Likewise, we evaluated the effect of the amount of TF conjugated to liposome surface on cellular uptake in hCMEC/D3. Five different formulations of Cy5-labeled BTL (empty) were prepared with TF concentrations ranging from 1–20 mg/ml. TF protein conjugation to liposomes was described previously. The amount of TF mixed with the liposomes varied in each formulation, and labeled untargeted liposomes were used as a negative control (Figure S8).

Super-resolution imaging of BTL cellular uptake in endothelial cells

Briefly, hCMEC/D3 cells were seeded (45,000 cells/ml) one day before the experiment. The following day, cells were overnight incubated with Cy5-labeled BTL (empty) to a final concentration of 2.5 mM total lipids, corresponding to 2.20×10¹³ liposomes/ml. Subsequently, the culture medium was removed, and cells were thrice rinsed with PBS and fixed with cold 4% paraformaldehyde (PFA) for 10 min. The cells were then permeabilized (0.1% Triton X100 for 5 min), blocked (10% FBS in 0.05% Tween20 in PBS for 30 min), and stained with Anti-Transferrin Receptor Antibody (ab84036; Abcam) at 5 μg/ml in blocking serum for 1 h. Next, cells were stained with Goat Anti-Rabbit IgG H&L conjugated Alexa Fluor 488 (ab150077; Abcam) at a dilution of 1:1000 in blocking serum for 1 h and then thrice rinsed with PBS (Figure S9). Acquisition and processing were performed using super-resolution (SR) microscopy (Elyra 7 eLS, Zeiss, Germany) and ZEN software, applying 405-, 488-, 561-, and 642-nm lasers.

In-vitro BBB model of the NVU

BMECs were differentiated from iPSCs (BGU003 passage 16–18), as described by Neal et al. and Vatine et al.^[69–70] with the following modifications: iPSCs were seeded on Matrigel-coated plates (354234; Corning) at 20,800 cells/ml 24 h before differentiation. Differentiation was initiated by culturing cells in DMEM/F12 medium, supplemented with 20% knockout serum (10828010; Gibco), 1% non-essential-A amino-acids, 1 mM L-glutamine (25030149; Gibco), 216 μM β mercaptoethanol (31350010; Gibco), 100 U/ml penicillin, and 100 ug/ml streptomycin. The medium was changed daily for four days. Then, the medium was switched to endothelial serum-free medium (11111044; Gibco), supplemented with 20 ng/ml bFGF (10018B; Peprotech), 10 μM RA, B-27, 100 U/ml penicillin, and 100 μg/ml streptomycin, for 2 days, followed by re-seeding of cells on 3 μm pore Transwells (Greiner AG, Austria) coated with 400 μg/ml human collagen type IV (C5533; Sigma-Aldrich) and 100 μg/ml human fibronectin (356008; Corning), at least 4 h before seeding. Cells were seeded at 2×105 cells per 24-well Transwell. The following day, the medium was replaced with endothelial serum-free medium, supplemented with B-27, 100 U/ml penicillin, and 100 μg/ml streptomycin, exchanged every other day. The barrier function and density of cell layers were evaluated by TEER measurements (Millicell ERS-2 Voltohmmeter, Merck Millipore) daily. After ten days of differentiation, a TEER value of 154±9 ohm×cm² was obtained, which was determined as an optimal value for the experiment.

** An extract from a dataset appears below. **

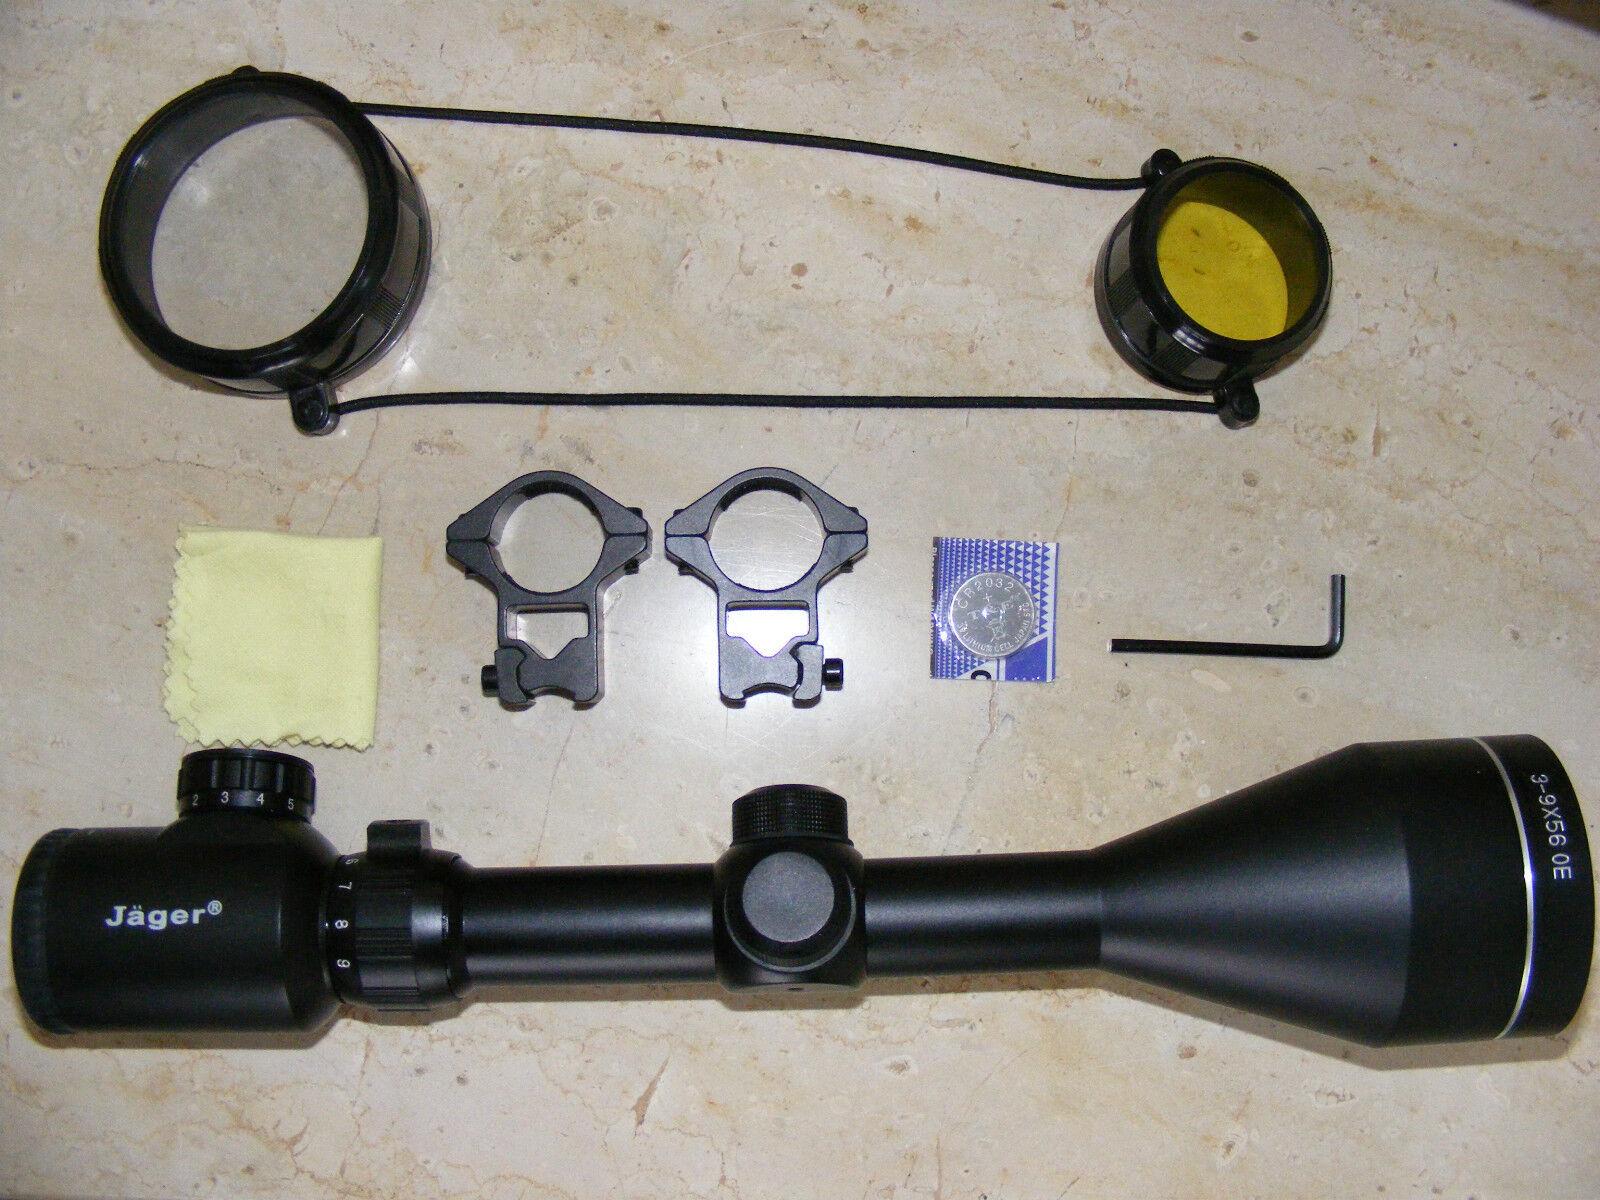 Mira telescópica de rifle de aire 6-24x50 leuchtabsehen nuevo  Softair practiqué

For the liposome transport experiments, iPSC-derived BMECs cultured in Transwells were placed atop a primary cortical neuron culture transduced with a pAAV-hSyn1-EGFP-(P2A)-α-Syn A53T-HA tag viral vector. For control, Transwells without a layer of BMECs were used; liposome transport was faster on Transwells without a layer of BMECs.

For the live imaging experiments, 5 mM Cy5-labeled BTL (empty) was added to the donor chamber at different times (1, 4, 27, and 36 h, respectively). Then, BMECs were fixed for immunostaining of ZO-1 (cell signaling), and image acquisition was performed using a confocal microscope (Olympus IX-83) to allocate labeled liposomes at the Z position.

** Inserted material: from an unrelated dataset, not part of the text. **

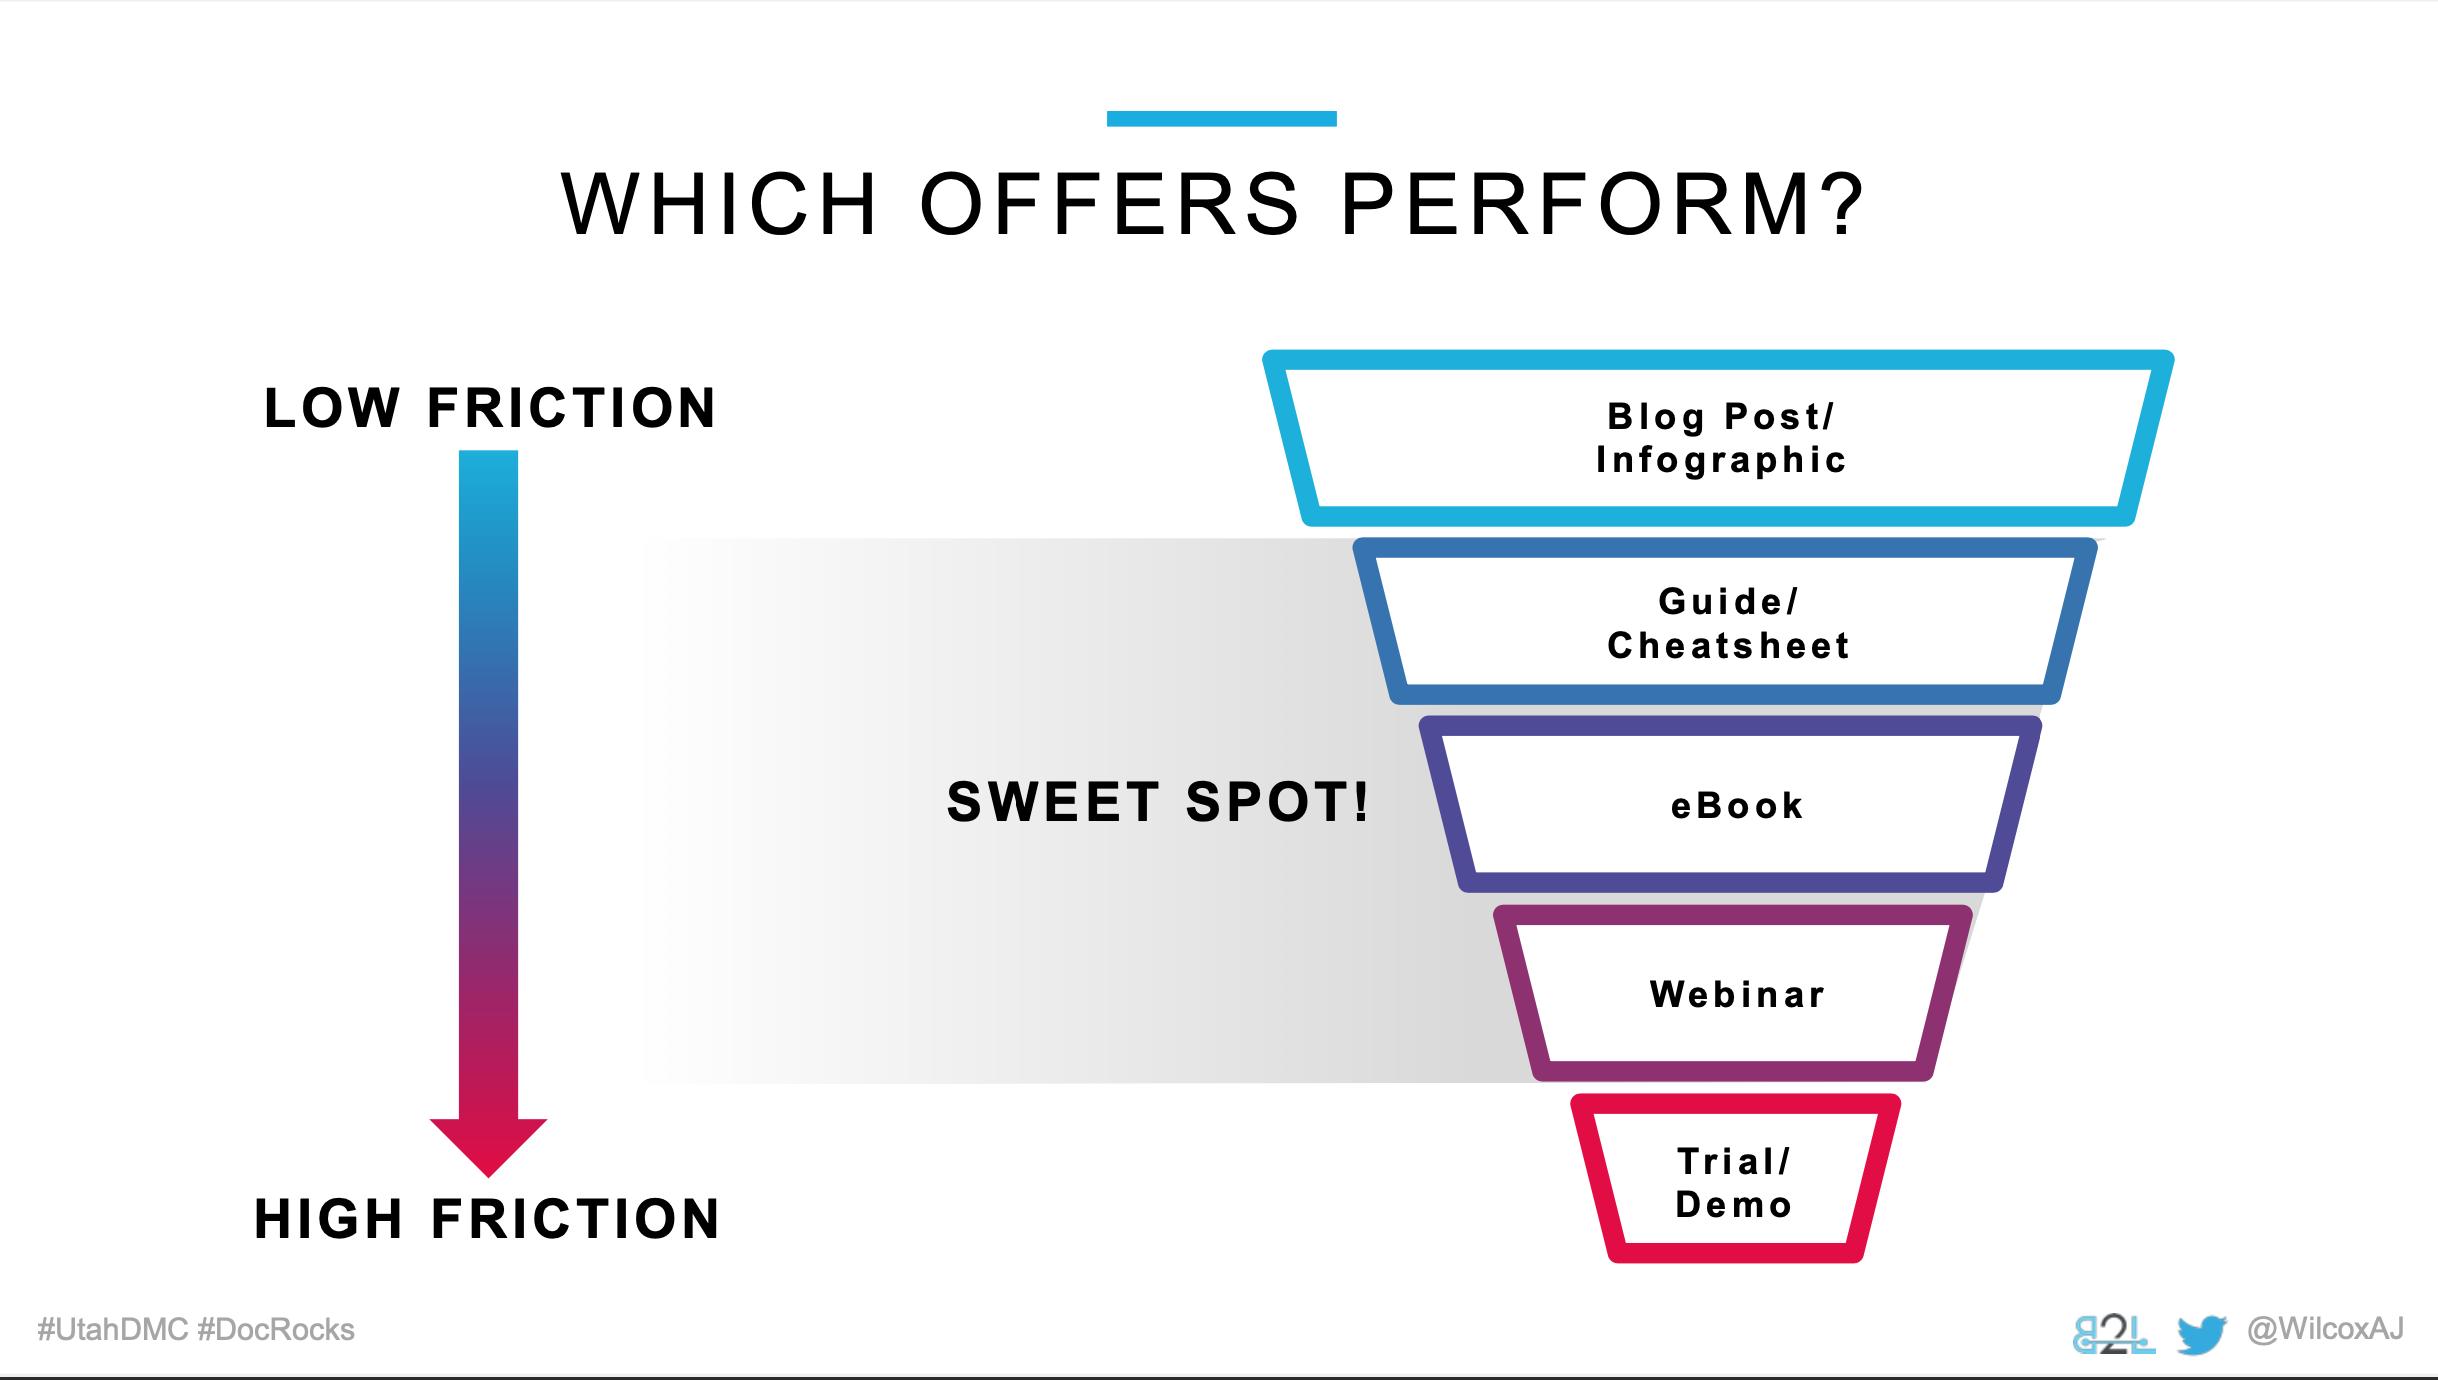 Utah DMC LinkedIn Ads - Aj Wilcox - Which Offers Perform

Permeability of BTL across the in-vitro BBB model

To determine the permeability of BTL (empty) across the BBB, particles were prepared and added to the donor chamber at a concentration of 5 mM total lipids, corresponding to 1.05×10¹³ liposomes/ml. Medium samples (50 μl) were extracted from the acceptor chamber at 1, 2, 4, and 24 h and read using a plate reader at λ_ex=633 nm and λ_em=685 nm; as a chamber was available for each time point, replacement with fresh medium was not required. The cells were maintained under culture conditions during the transportation experiment. The liposome concentration was calculated using a calibration curve of Cy5-labeled BTL (empty), concentration versus intensity.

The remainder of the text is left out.